Brief – Please take the entries below from the first line through the line containing "Lanterns In Old" and repeat them exactly, leaving out everything after.

☆ ☆ ☆ ☆

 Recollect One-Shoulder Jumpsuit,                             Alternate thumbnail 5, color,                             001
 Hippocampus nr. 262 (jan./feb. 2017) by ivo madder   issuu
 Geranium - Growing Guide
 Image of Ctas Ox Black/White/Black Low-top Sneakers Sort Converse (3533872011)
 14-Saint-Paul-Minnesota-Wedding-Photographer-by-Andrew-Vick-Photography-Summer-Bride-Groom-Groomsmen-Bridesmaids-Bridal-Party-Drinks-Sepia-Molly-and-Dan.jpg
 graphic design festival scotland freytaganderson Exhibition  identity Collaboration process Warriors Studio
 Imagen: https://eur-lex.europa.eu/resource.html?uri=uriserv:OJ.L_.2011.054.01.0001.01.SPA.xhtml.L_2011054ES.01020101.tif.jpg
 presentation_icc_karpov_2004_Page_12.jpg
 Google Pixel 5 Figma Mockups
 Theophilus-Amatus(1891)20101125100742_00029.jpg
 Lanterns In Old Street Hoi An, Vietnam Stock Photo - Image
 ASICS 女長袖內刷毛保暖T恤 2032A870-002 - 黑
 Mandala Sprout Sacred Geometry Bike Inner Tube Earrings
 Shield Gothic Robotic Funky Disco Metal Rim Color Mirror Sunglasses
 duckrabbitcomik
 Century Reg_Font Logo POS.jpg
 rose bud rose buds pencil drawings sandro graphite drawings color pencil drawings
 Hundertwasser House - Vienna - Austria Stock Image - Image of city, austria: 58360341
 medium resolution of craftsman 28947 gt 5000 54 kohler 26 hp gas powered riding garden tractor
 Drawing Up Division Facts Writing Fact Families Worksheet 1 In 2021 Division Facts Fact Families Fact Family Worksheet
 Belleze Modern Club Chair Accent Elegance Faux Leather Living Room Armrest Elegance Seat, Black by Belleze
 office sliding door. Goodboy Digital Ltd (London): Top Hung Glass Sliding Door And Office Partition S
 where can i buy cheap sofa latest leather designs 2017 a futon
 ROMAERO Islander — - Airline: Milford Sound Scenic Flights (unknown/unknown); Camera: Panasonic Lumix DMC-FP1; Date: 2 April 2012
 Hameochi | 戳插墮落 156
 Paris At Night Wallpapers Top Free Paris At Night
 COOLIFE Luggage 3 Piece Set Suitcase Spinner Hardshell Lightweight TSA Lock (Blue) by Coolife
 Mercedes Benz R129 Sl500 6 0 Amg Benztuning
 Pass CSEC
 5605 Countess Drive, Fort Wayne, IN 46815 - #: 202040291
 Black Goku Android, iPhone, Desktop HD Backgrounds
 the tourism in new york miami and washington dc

☆ ☆ ☆ ☆

Output of the task –
 Recollect One-Shoulder Jumpsuit,                             Alternate thumbnail 5, color,                             001
 Hippocampus nr. 262 (jan./feb. 2017) by ivo madder   issuu
 Geranium - Growing Guide
 Image of Ctas Ox Black/White/Black Low-top Sneakers Sort Converse (3533872011)
 14-Saint-Paul-Minnesota-Wedding-Photographer-by-Andrew-Vick-Photography-Summer-Bride-Groom-Groomsmen-Bridesmaids-Bridal-Party-Drinks-Sepia-Molly-and-Dan.jpg
 graphic design festival scotland freytaganderson Exhibition  identity Collaboration process Warriors Studio
 Imagen: https://eur-lex.europa.eu/resource.html?uri=uriserv:OJ.L_.2011.054.01.0001.01.SPA.xhtml.L_2011054ES.01020101.tif.jpg
 presentation_icc_karpov_2004_Page_12.jpg
 Google Pixel 5 Figma Mockups
 Theophilus-Amatus(1891)20101125100742_00029.jpg
 Lanterns In Old Street Hoi An, Vietnam Stock Photo - Image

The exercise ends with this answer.